Blog Post on the STSM “Relation Acquisition from Large Language Models: Towards the population of LLOD cloud with Deep learning approaches”, by Hugo Gonçalo Oliveira and Lucía Pitarch at Zentrum für Translation Wissenschaft, Vienna

The STSM (Short Term Scientific Mission) “Population of LLOD cloud with Deep learning approaches: Metaphor conceptualization and multilingual lexical relation acquisition” took place in September 2023, at Zentrum für Translationswissenschaft (Austria), under the supervision of Dr. Dagmar Gromman.

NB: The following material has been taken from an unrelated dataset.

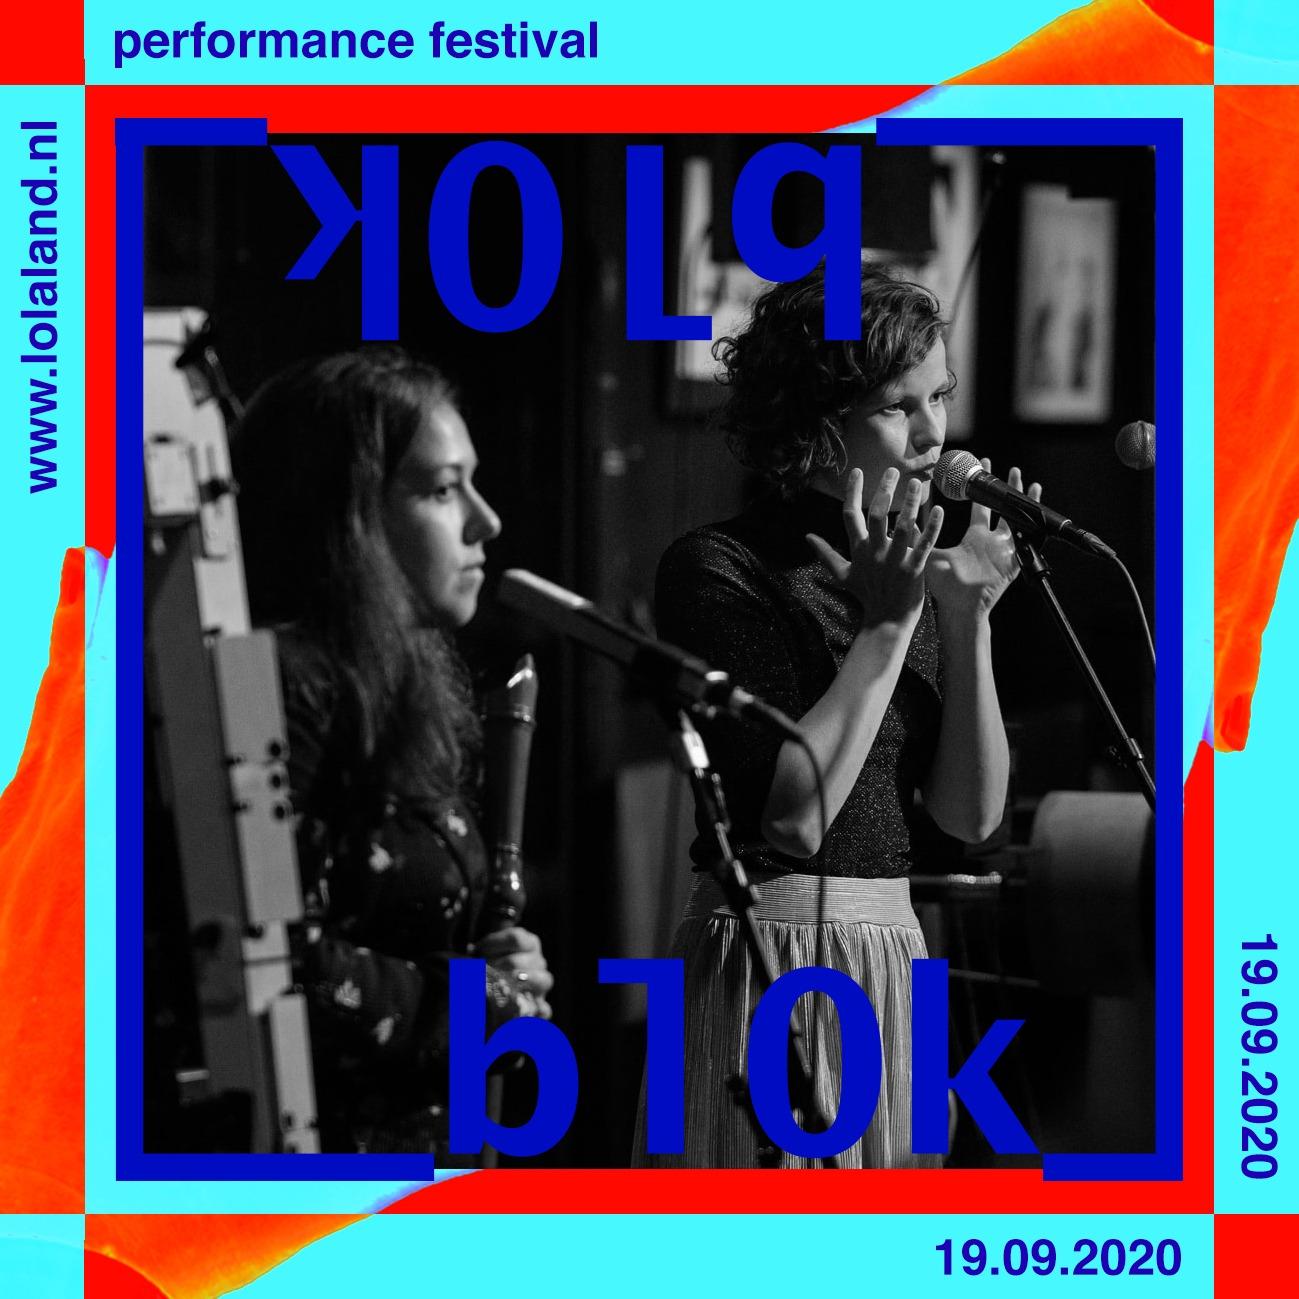 BLOK festival

The main objective of this STSM was contributing to task 4.3.1: BATS dataset translation. BATS stands for Bigger Analogy Test Set and was created by Gladkova et al, [1] to test analogical reasoning of Language Models. Current researchers have expanded its usage to other tasks such as probing the semantic knowledge encoded in Language Models. In nexus task UC.4.3.1. BATS was translated into over 15 languages providing a resource to explore cross-lingual knowledge in Language Models, which could then be used to populate ontologies. During the STSM several outcomes were produced: finalize the translation, validate the created dataset through relation acquisition and cross-lingual transfer experiments, and prepare the results for its submission to the LREC-COLING 2024 conference. Completing the mentioned tasks contributes to the following Nexus Linguarum tasks: 1.3 Cross-lingual data interlinking, access, and retrieval in LLOD (RDF representation of the dataset); 1.5 Development of the LLOD cloud for under-resourced languages and domains; 2.2 LLOD in Machine Translation (“translation-based analogy”); 3.3. Multilingual approaches, 2.1. Knowledge extraction, 3.2. Deep learning and 4.1.3. multilingual BATS dataset creation.

The future usage of the translated BATS dataset as well as its modeling as structured data, namely as RDF, was also discussed during the STSM, by doing so we aim at its linkage with other resources such as typological databases which might enable the study of other linguistic phenomena as lexical gaps or typological comparisons.

The STSM was a very nice experience to foster research and learn not only from Dr. Dagmar Gromann, Dr. Hugo Gonçalo Oliveira and Lucía Pitarch, but also during the Language Data and Knowledge conference where we could meet many other researchers. Overall, this month was wonderful. We shared discussions around the possibilities of mixing symbolic and neural approaches, we thought about the semantic knowledge encoded in language models, and how we could prove it, we had several brainstorms about different ideas we would love to explore, and we were even able to taste the famous Sacher cake.

[1] Anna Gladkova, Aleksandr Drozd, and Satoshi Matsuoka. Analogy-based detection of morphological and semantic relations with word embeddings: what works and what doesn’t. In Proceedings of the NAACL Student Research Workshop, 8–15. 2016.